Work request: Below are entries; copy exactly the lines from the one with "Divertente ritratto di" through the one with "Eveline Monschein", both included, and leave out the rest.
··· Entries supplied ···
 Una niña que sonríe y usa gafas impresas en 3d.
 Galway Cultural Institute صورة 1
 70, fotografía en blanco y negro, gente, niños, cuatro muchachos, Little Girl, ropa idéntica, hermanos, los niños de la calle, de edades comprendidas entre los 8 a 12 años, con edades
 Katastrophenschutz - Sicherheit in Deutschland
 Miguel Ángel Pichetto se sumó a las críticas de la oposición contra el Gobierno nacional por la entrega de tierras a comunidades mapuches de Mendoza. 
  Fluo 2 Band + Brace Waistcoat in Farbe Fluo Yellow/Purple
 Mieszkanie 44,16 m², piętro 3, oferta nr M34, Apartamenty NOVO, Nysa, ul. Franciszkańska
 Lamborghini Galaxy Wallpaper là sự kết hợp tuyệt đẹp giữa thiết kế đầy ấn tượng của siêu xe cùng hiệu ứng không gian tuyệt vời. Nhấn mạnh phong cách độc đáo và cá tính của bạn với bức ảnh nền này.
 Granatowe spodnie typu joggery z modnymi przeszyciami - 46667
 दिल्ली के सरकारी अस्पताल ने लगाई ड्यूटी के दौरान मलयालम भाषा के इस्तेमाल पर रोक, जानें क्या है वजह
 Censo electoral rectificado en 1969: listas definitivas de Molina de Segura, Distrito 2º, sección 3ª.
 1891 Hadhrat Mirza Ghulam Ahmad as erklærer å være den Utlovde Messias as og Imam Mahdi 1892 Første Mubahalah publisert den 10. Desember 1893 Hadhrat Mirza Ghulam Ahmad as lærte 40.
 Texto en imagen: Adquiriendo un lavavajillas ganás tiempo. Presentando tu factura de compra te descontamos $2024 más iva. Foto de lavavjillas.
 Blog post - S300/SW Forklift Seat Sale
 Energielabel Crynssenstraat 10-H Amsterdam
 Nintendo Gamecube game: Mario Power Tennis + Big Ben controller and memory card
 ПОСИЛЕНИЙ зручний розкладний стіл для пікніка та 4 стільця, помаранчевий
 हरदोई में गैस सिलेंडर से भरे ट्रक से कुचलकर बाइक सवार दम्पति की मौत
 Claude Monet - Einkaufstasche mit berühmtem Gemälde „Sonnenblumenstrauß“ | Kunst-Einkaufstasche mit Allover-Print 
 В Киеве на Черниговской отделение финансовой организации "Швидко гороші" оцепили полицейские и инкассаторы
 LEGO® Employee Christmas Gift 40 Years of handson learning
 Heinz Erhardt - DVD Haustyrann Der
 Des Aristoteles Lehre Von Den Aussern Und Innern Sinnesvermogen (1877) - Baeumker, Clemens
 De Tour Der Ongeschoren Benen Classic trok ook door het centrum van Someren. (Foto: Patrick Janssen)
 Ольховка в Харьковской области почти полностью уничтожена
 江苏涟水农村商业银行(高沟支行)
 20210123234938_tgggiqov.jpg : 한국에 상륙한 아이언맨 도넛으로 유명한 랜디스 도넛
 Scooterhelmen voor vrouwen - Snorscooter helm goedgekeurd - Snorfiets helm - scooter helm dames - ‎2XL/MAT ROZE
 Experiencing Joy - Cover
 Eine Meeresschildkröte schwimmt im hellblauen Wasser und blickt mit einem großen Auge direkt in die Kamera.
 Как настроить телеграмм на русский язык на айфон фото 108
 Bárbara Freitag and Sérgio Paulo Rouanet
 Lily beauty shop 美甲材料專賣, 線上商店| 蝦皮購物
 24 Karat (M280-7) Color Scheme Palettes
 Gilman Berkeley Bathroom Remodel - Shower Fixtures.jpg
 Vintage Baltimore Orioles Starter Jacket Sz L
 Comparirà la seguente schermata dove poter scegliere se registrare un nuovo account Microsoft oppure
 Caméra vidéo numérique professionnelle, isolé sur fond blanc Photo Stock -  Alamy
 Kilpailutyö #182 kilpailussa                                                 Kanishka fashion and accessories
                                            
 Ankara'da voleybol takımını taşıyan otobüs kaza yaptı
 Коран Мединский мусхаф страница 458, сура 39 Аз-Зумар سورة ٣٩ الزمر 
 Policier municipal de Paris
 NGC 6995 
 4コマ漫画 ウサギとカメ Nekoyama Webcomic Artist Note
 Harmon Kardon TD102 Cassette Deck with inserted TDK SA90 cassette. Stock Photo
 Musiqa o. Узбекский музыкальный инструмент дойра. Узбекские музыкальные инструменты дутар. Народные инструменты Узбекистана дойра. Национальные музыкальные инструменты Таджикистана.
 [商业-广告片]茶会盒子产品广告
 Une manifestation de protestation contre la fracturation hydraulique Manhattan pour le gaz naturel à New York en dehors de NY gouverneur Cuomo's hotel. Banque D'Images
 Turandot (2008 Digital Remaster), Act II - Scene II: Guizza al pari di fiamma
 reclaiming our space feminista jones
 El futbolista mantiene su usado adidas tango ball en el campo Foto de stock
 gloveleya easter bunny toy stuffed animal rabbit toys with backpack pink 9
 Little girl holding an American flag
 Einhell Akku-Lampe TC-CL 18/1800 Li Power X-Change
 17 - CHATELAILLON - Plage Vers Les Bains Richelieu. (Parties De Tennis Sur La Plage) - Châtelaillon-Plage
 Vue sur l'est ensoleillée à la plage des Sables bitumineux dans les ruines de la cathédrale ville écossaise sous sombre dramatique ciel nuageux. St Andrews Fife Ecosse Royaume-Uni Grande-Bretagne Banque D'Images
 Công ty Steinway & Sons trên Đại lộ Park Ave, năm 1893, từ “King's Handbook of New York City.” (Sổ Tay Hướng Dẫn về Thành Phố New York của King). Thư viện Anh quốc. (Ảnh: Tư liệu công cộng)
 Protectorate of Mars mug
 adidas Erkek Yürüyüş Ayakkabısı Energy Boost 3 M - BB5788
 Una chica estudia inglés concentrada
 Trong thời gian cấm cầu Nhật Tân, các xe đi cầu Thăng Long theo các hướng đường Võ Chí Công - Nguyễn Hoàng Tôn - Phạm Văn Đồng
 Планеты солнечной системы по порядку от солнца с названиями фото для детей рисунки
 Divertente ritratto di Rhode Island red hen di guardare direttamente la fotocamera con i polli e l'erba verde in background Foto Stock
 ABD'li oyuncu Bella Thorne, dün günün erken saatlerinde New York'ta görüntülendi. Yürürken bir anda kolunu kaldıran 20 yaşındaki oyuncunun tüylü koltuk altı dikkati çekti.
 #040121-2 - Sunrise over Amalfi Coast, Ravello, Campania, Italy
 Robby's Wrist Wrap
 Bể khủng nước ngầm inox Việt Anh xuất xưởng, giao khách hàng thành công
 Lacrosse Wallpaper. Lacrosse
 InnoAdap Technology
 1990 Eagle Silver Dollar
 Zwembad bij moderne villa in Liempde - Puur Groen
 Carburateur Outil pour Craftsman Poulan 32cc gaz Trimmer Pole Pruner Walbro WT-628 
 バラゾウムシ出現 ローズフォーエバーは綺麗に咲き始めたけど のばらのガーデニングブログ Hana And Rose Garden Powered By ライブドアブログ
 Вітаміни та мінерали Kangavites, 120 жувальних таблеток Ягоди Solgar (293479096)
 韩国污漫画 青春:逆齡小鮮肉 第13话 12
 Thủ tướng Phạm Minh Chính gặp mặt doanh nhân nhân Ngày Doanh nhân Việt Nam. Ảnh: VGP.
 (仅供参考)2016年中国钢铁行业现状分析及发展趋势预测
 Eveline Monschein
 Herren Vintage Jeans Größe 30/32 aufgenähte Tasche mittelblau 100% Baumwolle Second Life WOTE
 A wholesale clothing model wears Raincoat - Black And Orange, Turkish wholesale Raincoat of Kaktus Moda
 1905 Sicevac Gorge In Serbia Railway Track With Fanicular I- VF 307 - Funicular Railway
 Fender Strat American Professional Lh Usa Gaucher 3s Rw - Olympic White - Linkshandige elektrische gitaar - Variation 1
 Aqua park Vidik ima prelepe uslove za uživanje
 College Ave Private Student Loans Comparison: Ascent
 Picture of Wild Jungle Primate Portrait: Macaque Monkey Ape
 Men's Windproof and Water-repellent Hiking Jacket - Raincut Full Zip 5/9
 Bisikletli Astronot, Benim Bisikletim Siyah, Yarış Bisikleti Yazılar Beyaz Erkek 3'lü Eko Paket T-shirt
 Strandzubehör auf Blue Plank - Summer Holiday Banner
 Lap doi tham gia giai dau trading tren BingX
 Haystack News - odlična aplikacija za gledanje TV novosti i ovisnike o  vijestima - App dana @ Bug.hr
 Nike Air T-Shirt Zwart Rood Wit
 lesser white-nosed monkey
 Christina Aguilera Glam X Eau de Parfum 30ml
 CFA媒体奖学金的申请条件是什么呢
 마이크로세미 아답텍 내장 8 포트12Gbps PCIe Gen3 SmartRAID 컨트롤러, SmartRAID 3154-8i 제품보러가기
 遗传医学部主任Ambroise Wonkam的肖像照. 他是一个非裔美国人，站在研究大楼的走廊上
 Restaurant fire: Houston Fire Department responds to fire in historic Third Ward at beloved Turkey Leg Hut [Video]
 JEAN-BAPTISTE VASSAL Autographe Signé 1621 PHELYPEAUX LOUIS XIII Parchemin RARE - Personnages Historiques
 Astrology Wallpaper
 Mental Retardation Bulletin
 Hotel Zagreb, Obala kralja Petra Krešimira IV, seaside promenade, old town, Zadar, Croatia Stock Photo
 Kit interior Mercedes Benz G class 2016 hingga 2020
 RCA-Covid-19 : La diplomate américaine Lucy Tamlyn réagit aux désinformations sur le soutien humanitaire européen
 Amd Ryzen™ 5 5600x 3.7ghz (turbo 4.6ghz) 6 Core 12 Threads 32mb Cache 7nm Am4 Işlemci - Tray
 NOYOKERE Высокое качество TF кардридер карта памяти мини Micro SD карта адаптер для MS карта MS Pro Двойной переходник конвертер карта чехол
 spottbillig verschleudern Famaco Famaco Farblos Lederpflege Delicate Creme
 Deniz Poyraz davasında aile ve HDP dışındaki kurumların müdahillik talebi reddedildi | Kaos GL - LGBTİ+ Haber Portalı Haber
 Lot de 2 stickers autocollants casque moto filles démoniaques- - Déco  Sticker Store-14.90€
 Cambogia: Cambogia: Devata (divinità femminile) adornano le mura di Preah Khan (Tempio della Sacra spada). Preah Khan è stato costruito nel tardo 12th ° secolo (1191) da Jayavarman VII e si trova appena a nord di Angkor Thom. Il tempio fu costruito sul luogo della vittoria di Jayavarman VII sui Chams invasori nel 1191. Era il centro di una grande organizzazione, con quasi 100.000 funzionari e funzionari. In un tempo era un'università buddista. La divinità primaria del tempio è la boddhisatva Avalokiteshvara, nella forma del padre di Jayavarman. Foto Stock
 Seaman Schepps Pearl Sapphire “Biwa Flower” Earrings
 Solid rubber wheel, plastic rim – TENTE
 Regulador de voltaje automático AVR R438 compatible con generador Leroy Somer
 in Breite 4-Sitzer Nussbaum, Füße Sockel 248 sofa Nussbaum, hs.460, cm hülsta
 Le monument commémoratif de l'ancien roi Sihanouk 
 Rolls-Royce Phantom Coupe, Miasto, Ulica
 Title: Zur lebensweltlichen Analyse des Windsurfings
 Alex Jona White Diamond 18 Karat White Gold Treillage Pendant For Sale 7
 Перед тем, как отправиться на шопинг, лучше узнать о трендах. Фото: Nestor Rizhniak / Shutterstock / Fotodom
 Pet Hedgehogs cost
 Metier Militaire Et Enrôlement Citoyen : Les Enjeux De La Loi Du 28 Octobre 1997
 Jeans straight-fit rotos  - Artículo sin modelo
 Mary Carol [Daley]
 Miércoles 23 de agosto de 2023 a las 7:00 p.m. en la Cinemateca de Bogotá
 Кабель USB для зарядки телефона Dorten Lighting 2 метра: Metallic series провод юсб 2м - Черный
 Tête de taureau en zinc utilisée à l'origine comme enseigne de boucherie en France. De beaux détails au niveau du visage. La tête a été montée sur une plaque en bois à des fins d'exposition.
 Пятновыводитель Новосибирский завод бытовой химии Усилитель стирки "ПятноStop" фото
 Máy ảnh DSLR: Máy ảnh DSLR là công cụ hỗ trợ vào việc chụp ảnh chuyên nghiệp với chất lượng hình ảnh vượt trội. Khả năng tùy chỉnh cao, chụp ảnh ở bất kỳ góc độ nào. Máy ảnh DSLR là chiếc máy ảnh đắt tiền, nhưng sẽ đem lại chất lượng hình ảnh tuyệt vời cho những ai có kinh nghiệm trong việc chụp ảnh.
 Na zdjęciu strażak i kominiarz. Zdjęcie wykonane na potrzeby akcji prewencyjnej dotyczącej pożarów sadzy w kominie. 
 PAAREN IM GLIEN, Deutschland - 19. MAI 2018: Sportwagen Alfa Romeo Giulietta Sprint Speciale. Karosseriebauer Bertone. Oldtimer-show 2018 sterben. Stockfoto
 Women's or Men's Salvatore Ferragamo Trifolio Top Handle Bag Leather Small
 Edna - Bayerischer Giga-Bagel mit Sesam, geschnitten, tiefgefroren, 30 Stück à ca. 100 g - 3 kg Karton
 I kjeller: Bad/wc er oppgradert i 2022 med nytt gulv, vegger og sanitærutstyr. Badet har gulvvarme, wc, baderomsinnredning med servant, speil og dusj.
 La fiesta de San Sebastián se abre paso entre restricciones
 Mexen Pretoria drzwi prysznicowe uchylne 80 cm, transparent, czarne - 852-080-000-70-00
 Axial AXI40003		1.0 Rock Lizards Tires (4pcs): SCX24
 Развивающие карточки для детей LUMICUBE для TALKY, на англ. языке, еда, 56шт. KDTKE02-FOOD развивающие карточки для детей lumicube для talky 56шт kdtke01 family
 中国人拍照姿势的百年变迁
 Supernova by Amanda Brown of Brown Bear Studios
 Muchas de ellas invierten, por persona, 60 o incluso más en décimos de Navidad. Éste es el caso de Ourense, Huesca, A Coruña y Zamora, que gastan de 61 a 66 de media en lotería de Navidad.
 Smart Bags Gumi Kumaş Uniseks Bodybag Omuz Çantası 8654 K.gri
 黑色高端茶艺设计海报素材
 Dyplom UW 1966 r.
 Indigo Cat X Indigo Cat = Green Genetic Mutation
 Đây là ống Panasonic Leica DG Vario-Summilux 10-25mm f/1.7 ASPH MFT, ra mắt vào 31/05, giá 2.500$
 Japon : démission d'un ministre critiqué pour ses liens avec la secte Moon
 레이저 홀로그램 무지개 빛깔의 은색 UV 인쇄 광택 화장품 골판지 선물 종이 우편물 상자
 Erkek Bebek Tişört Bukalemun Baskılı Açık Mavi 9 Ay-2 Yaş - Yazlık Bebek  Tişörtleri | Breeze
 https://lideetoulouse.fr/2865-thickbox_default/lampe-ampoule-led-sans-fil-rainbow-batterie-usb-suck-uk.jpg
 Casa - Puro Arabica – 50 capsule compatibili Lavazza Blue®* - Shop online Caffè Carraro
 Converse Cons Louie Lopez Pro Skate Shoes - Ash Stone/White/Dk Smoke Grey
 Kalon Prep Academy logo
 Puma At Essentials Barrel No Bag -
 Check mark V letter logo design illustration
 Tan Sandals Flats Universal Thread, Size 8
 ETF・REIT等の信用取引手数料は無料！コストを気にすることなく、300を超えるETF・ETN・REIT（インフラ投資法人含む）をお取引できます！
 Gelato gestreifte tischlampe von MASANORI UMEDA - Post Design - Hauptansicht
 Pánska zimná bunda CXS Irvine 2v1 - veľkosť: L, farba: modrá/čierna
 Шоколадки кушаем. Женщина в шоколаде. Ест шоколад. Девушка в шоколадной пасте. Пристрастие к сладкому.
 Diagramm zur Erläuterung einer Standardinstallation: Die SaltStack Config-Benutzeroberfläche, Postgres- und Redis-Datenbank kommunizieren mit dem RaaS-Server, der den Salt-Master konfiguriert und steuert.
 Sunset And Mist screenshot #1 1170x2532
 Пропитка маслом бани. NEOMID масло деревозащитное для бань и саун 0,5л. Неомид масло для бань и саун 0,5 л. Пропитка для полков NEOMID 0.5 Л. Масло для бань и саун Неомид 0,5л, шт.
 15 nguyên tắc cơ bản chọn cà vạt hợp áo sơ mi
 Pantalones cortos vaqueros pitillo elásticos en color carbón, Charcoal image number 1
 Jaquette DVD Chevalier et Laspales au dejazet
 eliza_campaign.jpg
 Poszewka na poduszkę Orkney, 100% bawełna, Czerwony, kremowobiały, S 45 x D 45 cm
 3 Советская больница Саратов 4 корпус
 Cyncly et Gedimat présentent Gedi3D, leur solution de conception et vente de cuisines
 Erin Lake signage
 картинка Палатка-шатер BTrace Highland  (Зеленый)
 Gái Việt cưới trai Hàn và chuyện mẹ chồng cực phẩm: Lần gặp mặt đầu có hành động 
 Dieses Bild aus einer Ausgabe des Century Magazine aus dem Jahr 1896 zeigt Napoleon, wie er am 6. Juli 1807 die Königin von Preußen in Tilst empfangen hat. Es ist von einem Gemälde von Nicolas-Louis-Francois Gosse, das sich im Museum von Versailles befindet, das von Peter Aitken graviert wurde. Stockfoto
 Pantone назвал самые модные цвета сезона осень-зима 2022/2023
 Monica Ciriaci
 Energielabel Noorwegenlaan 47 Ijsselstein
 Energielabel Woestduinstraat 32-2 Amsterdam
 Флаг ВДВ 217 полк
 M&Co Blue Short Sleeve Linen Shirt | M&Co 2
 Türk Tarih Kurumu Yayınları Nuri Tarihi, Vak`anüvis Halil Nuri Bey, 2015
···
Solved problem:
 Divertente ritratto di Rhode Island red hen di guardare direttamente la fotocamera con i polli e l'erba verde in background Foto Stock
 ABD'li oyuncu Bella Thorne, dün günün erken saatlerinde New York'ta görüntülendi. Yürürken bir anda kolunu kaldıran 20 yaşındaki oyuncunun tüylü koltuk altı dikkati çekti.
 #040121-2 - Sunrise over Amalfi Coast, Ravello, Campania, Italy
 Robby's Wrist Wrap
 Bể khủng nước ngầm inox Việt Anh xuất xưởng, giao khách hàng thành công
 Lacrosse Wallpaper. Lacrosse
 InnoAdap Technology
 1990 Eagle Silver Dollar
 Zwembad bij moderne villa in Liempde - Puur Groen
 Carburateur Outil pour Craftsman Poulan 32cc gaz Trimmer Pole Pruner Walbro WT-628 
 バラゾウムシ出現 ローズフォーエバーは綺麗に咲き始めたけど のばらのガーデニングブログ Hana And Rose Garden Powered By ライブドアブログ
 Вітаміни та мінерали Kangavites, 120 жувальних таблеток Ягоди Solgar (293479096)
 韩国污漫画 青春:逆齡小鮮肉 第13话 12
 Thủ tướng Phạm Minh Chính gặp mặt doanh nhân nhân Ngày Doanh nhân Việt Nam. Ảnh: VGP.
 (仅供参考)2016年中国钢铁行业现状分析及发展趋势预测
 Eveline Monschein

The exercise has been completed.